* _Exercise instructions_
The expected output is the full data, repeated exactly, without pictures.

* _Information supplied_
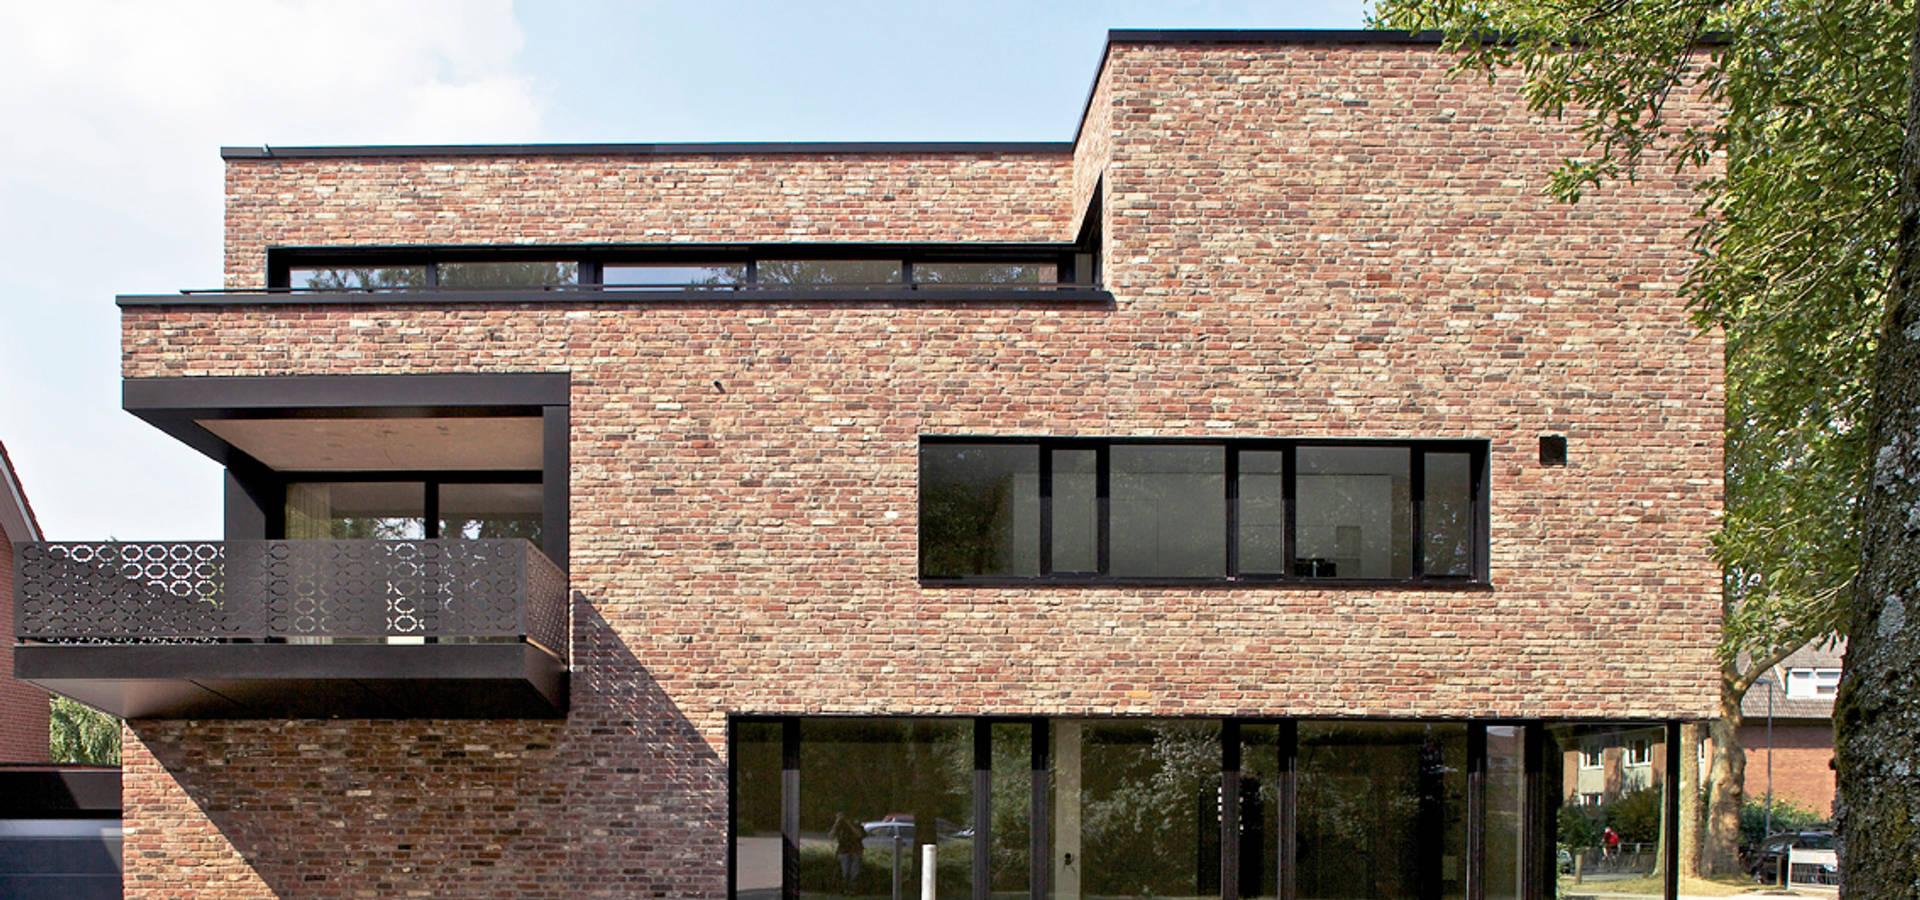 Andreas heupel architekten bda architecten in m nster homify - Heupel architekten ...
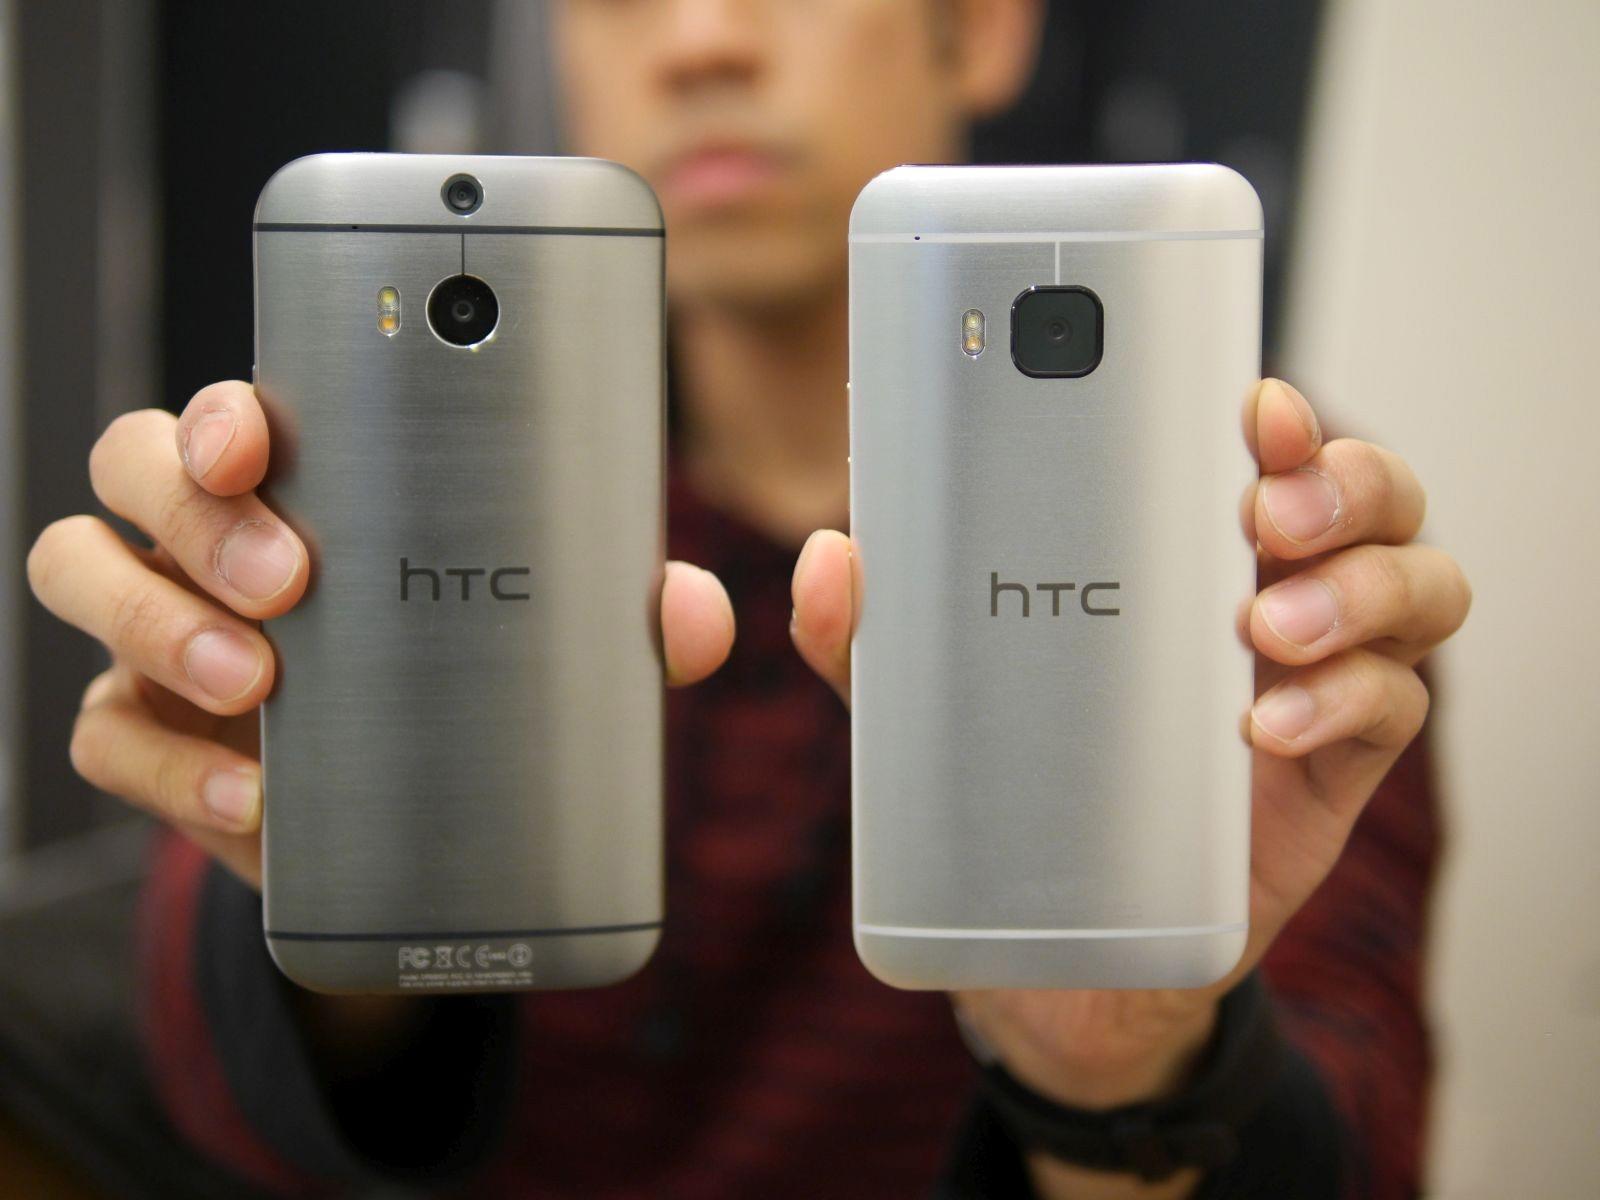 HTC One A9 - HTC One A9 sẽ có màn hình 1080 x 1920?
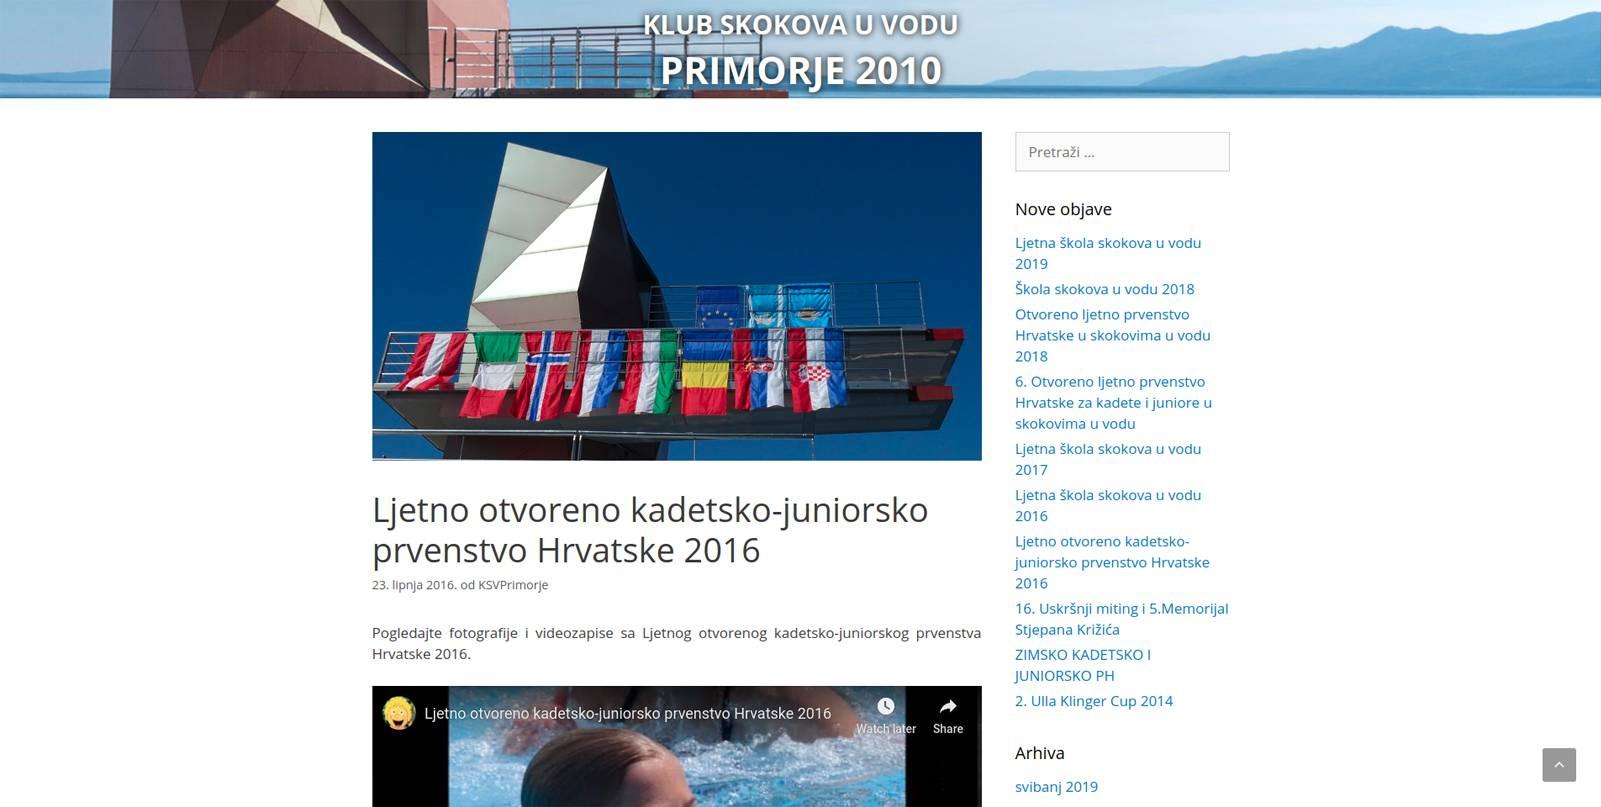 Ksv Primorje 4

* _Output for this exercise_
 Andreas heupel architekten bda architecten in m nster homify - Heupel architekten ...
 HTC One A9 - HTC One A9 sẽ có màn hình 1080 x 1920?
 Ksv Primorje 4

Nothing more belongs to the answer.